Celeste

Have I Been Here Before?

The funny thing about travel is that a new place never feels like you expect. Touching down at MSY wasn’t some magical experience. It felt exactly like landing at LAX, or Newark, or any of the other array of beige American airports in which I’ve had the pleasure of spending time. It wasn’t until we all met up and stepped outside into the 92-degree Louisiana heat and humidity that I truly felt like I had left Los Angeles. After somehow fitting ten people, lots of very big suitcases (including mine), and an excessive amount of groceries into a white sprinter van reminiscent of every kidnapping movie I’ve ever seen, we were off to Grand Isle.

We drove through strips of marsh, swampland, and seemingly endless sugar fields. Cyprus trees were draped in swaths of Spanish moss, giving the entire scenery a distinctly eerie (albeit beautiful) air. I was once again struck by the desire to compare this drive to places I’ve been before. The swamps were like the road trips I had done from Vermont to the Maine coast, always keeping my eyes peeled for moose (though now it was alligators I was trying to find). The palm trees brought back Los Angeles and the Spanish moss a childhood trip to Florida. As we drove further and the trees began to become more sparse, the water more expansive, roads level with the marsh around us. Once again, I was reminded of somewhere else – driving through the Netherlands, a country where I’ve spent a significant amount of time, a flat expanse of canals and farmland. If not for the lack of windmills, southern Louisiana might as well have been the A4 highway. 

This habit of comparing went on and on and on as the first day passed. Everywhere I turned in Grand Isle, I was reminded of areas in New England — Maine here, rural New Hampshire there, the town in Vermont in which I used to take violin lessons. It began to grate at my nerves. Why was everything a reminder of something else? I wanted to enjoy this experience, feel grounded in this place and time, yet everywhere I looked I was reminded of the past. 

Time itself seems to move differently on a place like Grand Isle. It doesn’t run a straight path – it swells, stretches, and congeals again into a sticky haze. The first day bled into the second and the third, and most of my memories muddy together. I do remember, however, my first time on the beach. It was evening, which meant the humidity that had so intensely permeated the air before had lessened, replaced by a refreshing warm breeze coming off of the sea. It was picturesque by any definition, and yet once again I felt in the back of my mind something missing, a certain lack of satisfaction that comes from a completely new experience.

This changed, however, once I began to read Kate Chopin’s The Awakening.

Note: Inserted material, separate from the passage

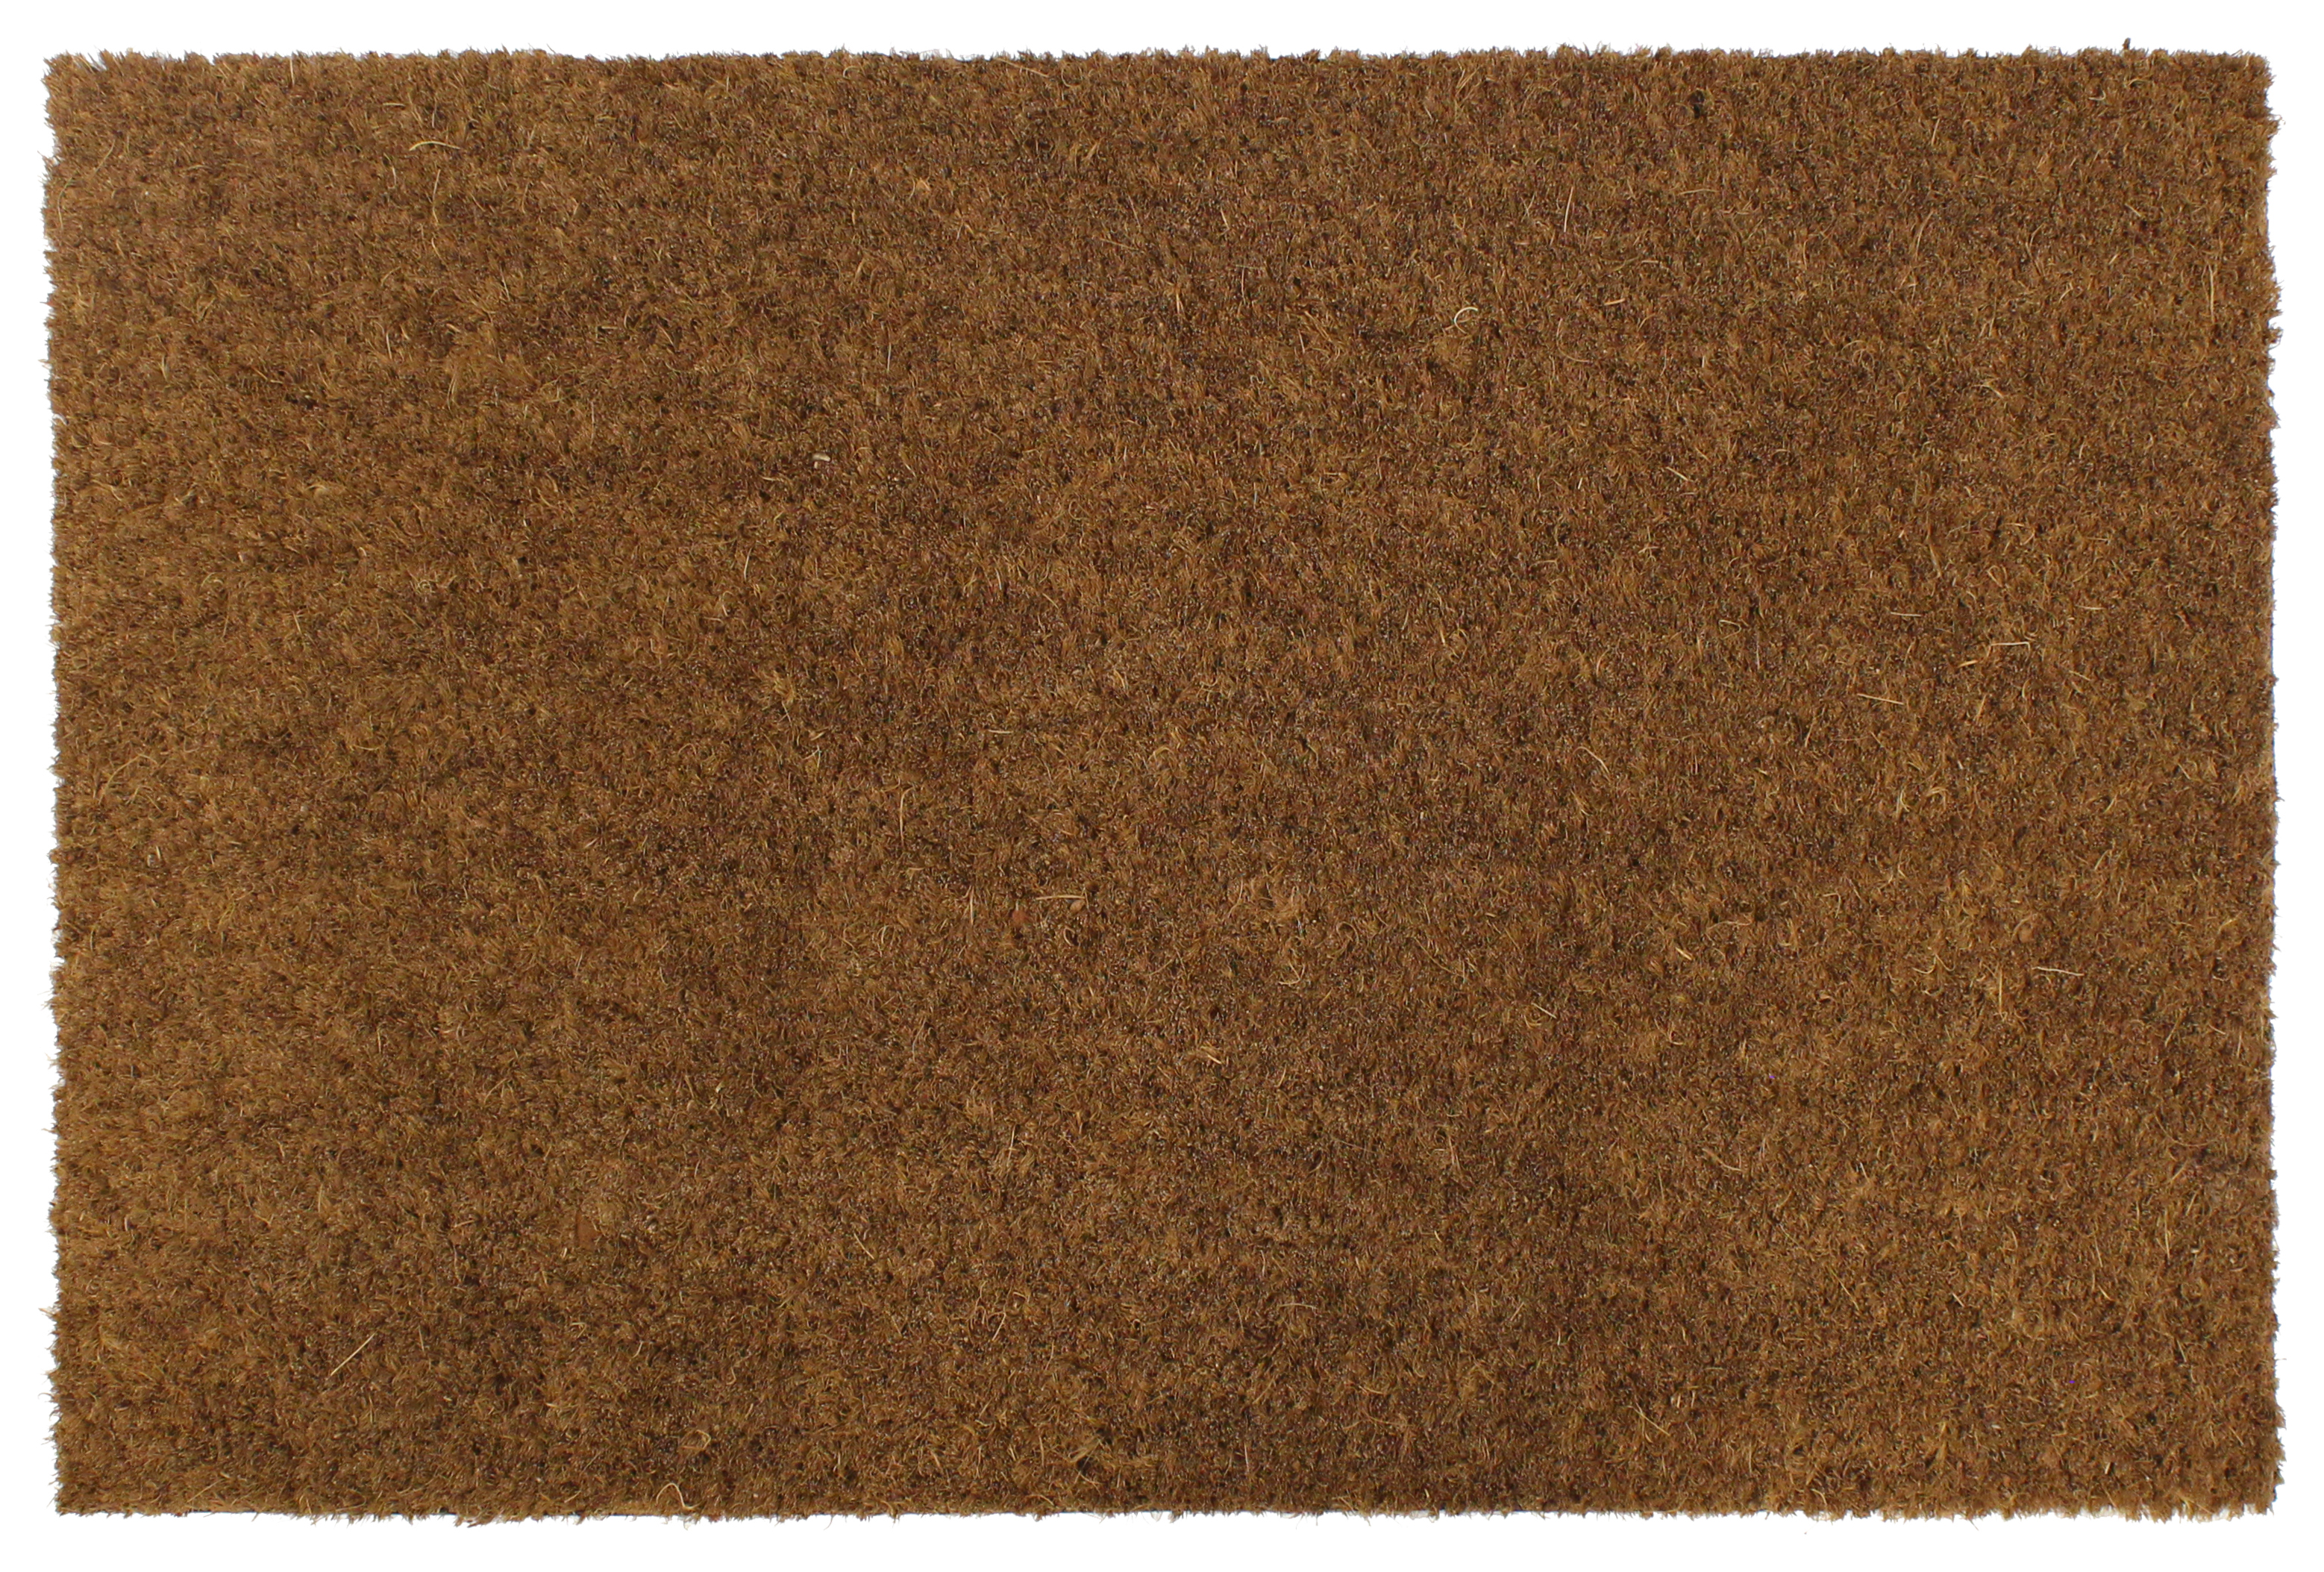 Image of Plain PVC Coir Doormat - 40 x 60cm

Set in Grand Isle in the 1870s, the book describes the atmosphere of the island with the same reverence Chopin attributes to her characters. 

The sea was quiet now, and swelled lazily in broad billows that melted into one another and did not break except upon the beach in little foamy crests that coiled back like slow, white serpents.
— The Awakening, Kate Chopin (pg 70)

Chopin describes the island as “a delicious picture I just wanted to sit and look at (pg 41).” If I had been reading this book from my apartment in LA, I would have pictured something completely different from the isle I was now on — clear skies, cerulean water, colonial-style beach houses lining the streets, cypress trees swaying in a cooling breeze. It was interesting to reconcile this mental image with what I was actually seeing: houses raised on stilts, buildings still wrecked from hurricane Ida, tractors and ATVs as common as cars, swampy mosquito-infested marshlands. Nor was this mental image similar to the original comparisons I’d made of the island, not to Maine, rural Vermont, or California beach towns. While reading the book, I went out to the porch of our house (nicknamed, for some inexplicable reason, ‘H2O Psycho’) and sat facing the waves. Every time I came to a description of the island, especially the ocean, I would look up and try to recognize Kate Chopin’s novel in my field of vision. While significantly slowing down my reading process, I found myself enjoying the experience of understanding a book this way. I was no longer seeing Grand Isle through my own eyes, through every place I’d ever seen before in my life. I was seeing through the eyes of Edna Pontellier, and the place I was seeing was the same one that changed her fundamentally, ‘woke her up.’ I began to sense the “seductive odor of the sea… the sight of the water stretching so far away, those motionless sails against the blue sky.” This wasn’t the past, or if it was, it certainly wasn’t my past. Reading through Edna’s eyes helped to ground me in the present moment, something I desperately craved after my chaotic last month in LA. Like Edna, I was here on this island at this moment. When I went swimming again in the sea, my arms outstretched in the direction of the horizon, I thought about Edna’s experience with the water in the book, the desire she has to go further and keep swimming, and then I thought about my own. I felt the warm water, the sand underneath my feet, and finally, I felt like I was truly there.